Moreover, when a for-profit enterprise buys a nonprofit hospital, it generally pays huge sums to the selling nonprofit institution as the purchase price. The nonprofit can then use this money to provide additional charity services and care. Case studies show that these additional funds have totaled from $90 million to $281 million in individual cases. Overall, for-profit conversions over the past 10 years have produced over $5 billion in such additional charitable funds. Nonprofits have used these funds to provide primary-care clinics in low-income neighborhoods, school-based clinics, childhood immunization campaigns, home health care, support for hospital indigent care, and health-care research.

Converting nonprofit and government-owned hospitals to private, for-profit status also offers important benefits to the general economy. If all acute-care hospitals were so converted, the impact would be substantial indeed. These benefits include:
  • Reduced Health-care Costs. The conversions would produce significant reductions in health-care costs, which would benefit consumers, effectively providing an increase in national income and general prosperity. It would also reduce health costs for employers, which would likely result in increased jobs, wages, and employment.

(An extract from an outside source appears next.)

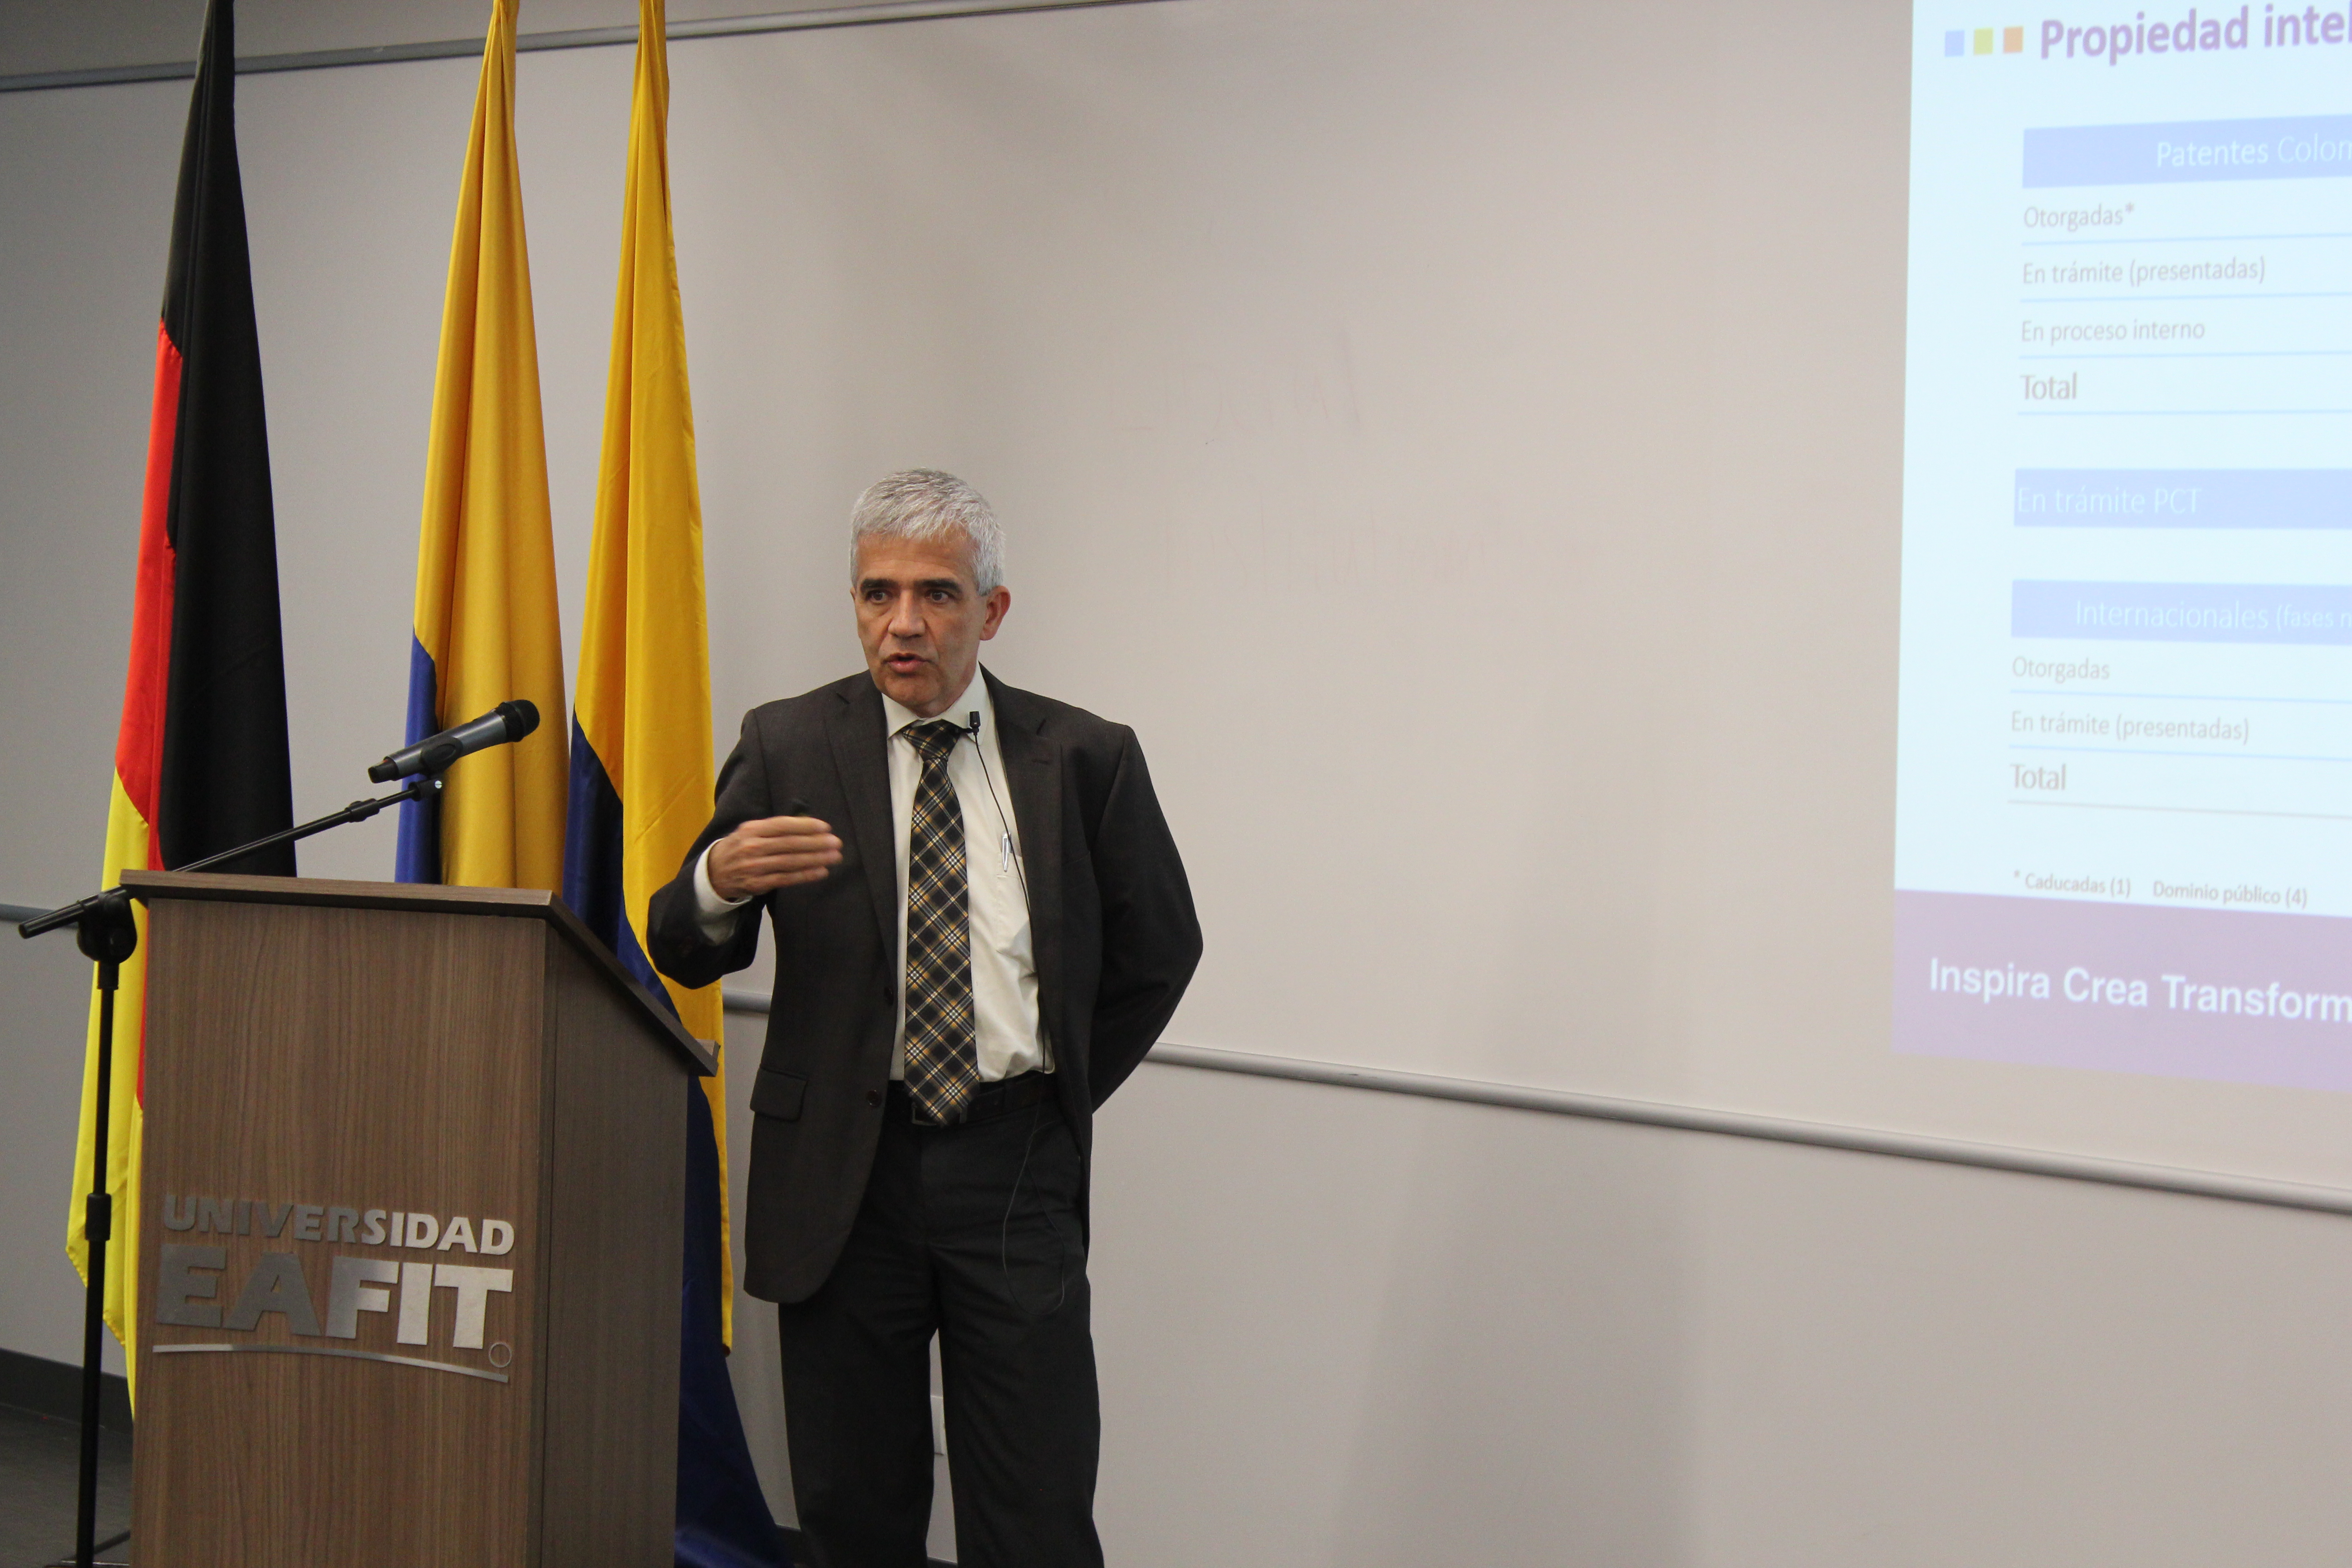 Dr. Juan Felipe Mejía from the School of Economics and Finance at EAFIT presented current German-Colombian initiatives

  • New Tax Revenues. Converting all hospitals to private, for-profit status would produce over $17 billion per year in new federal, state, and local tax revenues, as the formerly nonprofit and government hospitals were tax-exempt, while the newly for-profit hospitals are not.
  • Private-Sector Workers. Converting all hospitals to private, for-profit status, the 3.4 million workers now employed by nonprofit and government hospitals would become fully productive participants in the private economy.
Federal, state and local governments should adopt policies to encourage this highly beneficial trend towards private, for-profit hospitals.First, state and local governments should privatize the 1,350 acute-care hospitals they own and operate today.Second, these governments should not impose onerous restrictions on the conversion of nonprofits to for-profit status, or block such conversions. They should, in fact, openly encourage them.Third, Medicare should stop paying reimbursements to nonprofit and government hospitals for property taxes they don’t pay.Fourth, federal tax law should be examined to ensure that for-profit hospitals receive a full tax deduction for the uncompensated care and other charity services they provide.